A escritora indígena brasileira Lia Minapoty nasceu em 1989, na aldeia Yãbetue’y, área indígena Maraguapajy (país dos Maraguás), que abrange as cidades de Nova Olinda do Norte e Borba, no rio Abacaxis. O povo Maraguá conta hoje com aproximadamente duzentas pessoas, distribuídas em quatro aldeias e seis clãs: Piraguáguá, Aripuñaguá, Çukuyeguá, Pirakeguá, Tawatoguá e Yaguareteguá. Lia nasceu no clã Çukuyêguá e foi integrada ao clã Aripunãguá após seu casamento com o professor, geógrafo e escritor Yaguarê Yamã. O povo Maraguá já foi considerado extinto e seus integrantes eram tidos como parte dos Sateré-Mawé, povo com quem os maraguás têm uma história comum, mas se diferenciam bastante do ponto de vista étnico, linguístico e cultural.

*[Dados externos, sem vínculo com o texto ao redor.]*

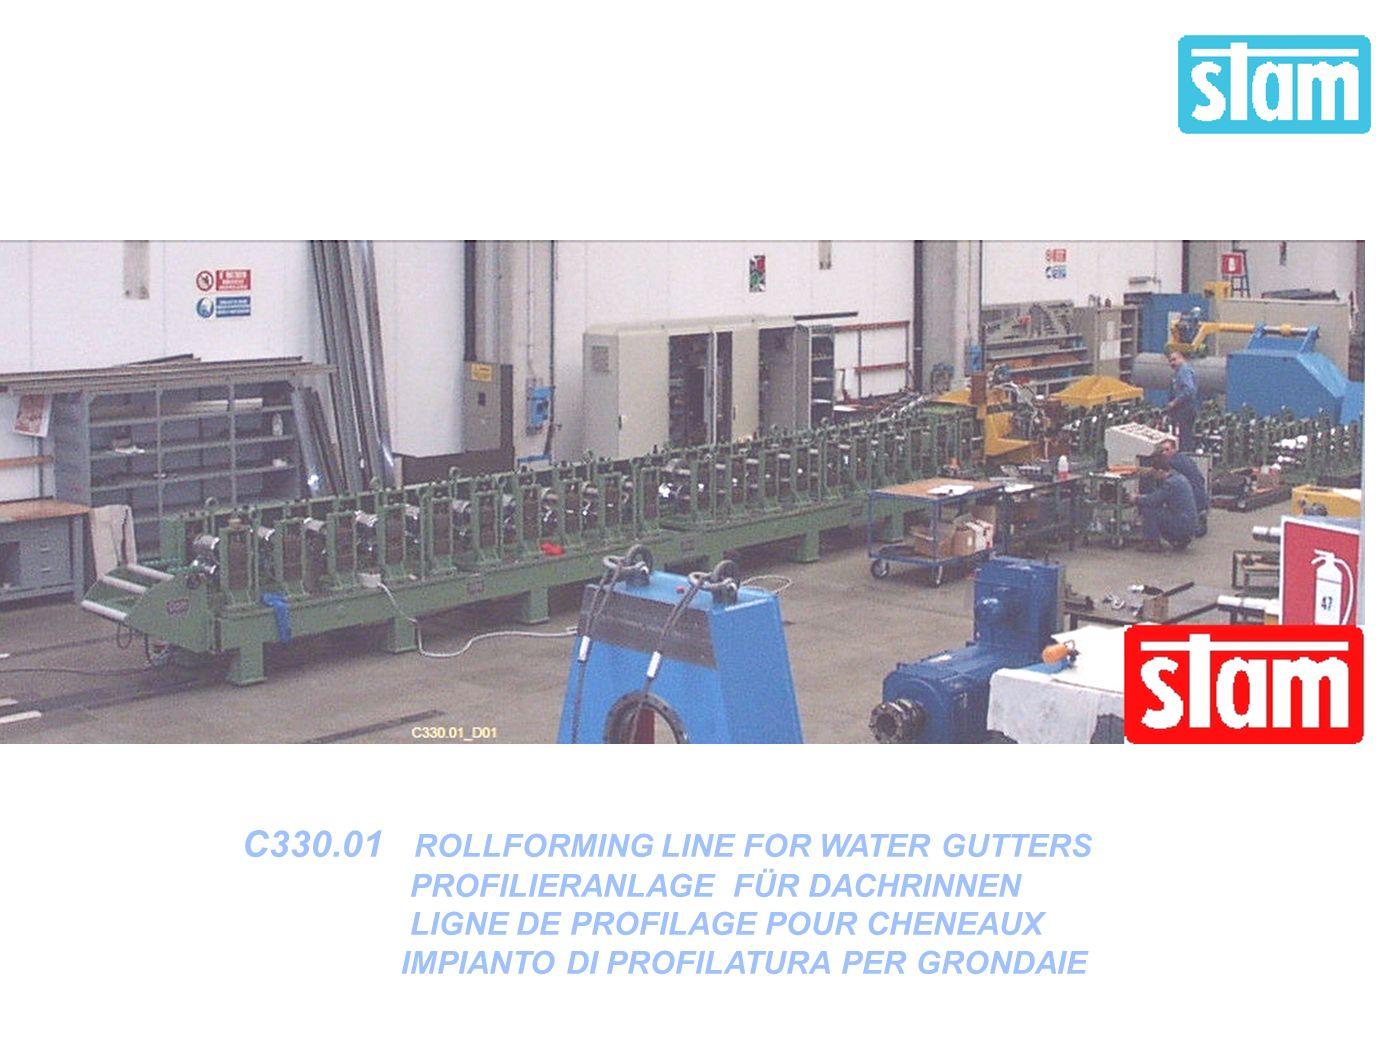 C330.01 ROLLFORMING LINE FOR WATER GUTTERS PROFILIERANLAGE FÜR DACHRINNEN LIGNE DE PROFILAGE POUR CHENEAUX IMPIANTO DI PROFILATURA PER GRONDAIE

Lia Minapoty cursou o Ensino Fundamental na mesma aldeia onde nasceu e para cursar o Ensino Médio, morou na cidade de Nova Olinda do Norte, no Amazonas. Hoje, a escritora reside com a família na aldeia Yaguawajar, onde trabalha como professora, ensinando crianças que cursam os primeiros anos do Ensino Fundamental. Ela é uma das jovens lideranças do povo Maraguá e trabalha em prol da educação das crianças que, normalmente, chegam de barco à escola. Além de professora, Minapoty atua como secretária da Associação de Mulheres Maraguá (AMIMA) e integra o NEARIN (Núcleo de Escritores e Artistas Indígenas). Artista plástica especializada em grafismos indígenas, a escritora maraguá também trabalha com coleções de plantas e de borboletas. Outra atividade que ela afirma desempenhar com prazer é cuidar de sua família – ser dona de casa.

O seu trabalho como militante pelos direitos dos povos indígenas, e em especial das mulheres, ganhou visibilidade e tem sido valorizado pela comunidade internacional.

Na condição de jovem liderança, a escritora tem papel ativo nas ações em prol da demarcação do território e da reafirmação étnica e cultural da nação Maraguá. Em entrevista à edição londrina da Revista Marie Claire, de agosto de 2009, a escritora foi questionada a respeito de alguns dos problemas que os povos indígenas enfrentam no Brasil, hoje, como por exemplo, os ataques frequentes aos seus territórios, assassinatos de lideranças e diversas ameaças de morte, endereçadas aos militantes e aos defensores das causas dos povos indígenas.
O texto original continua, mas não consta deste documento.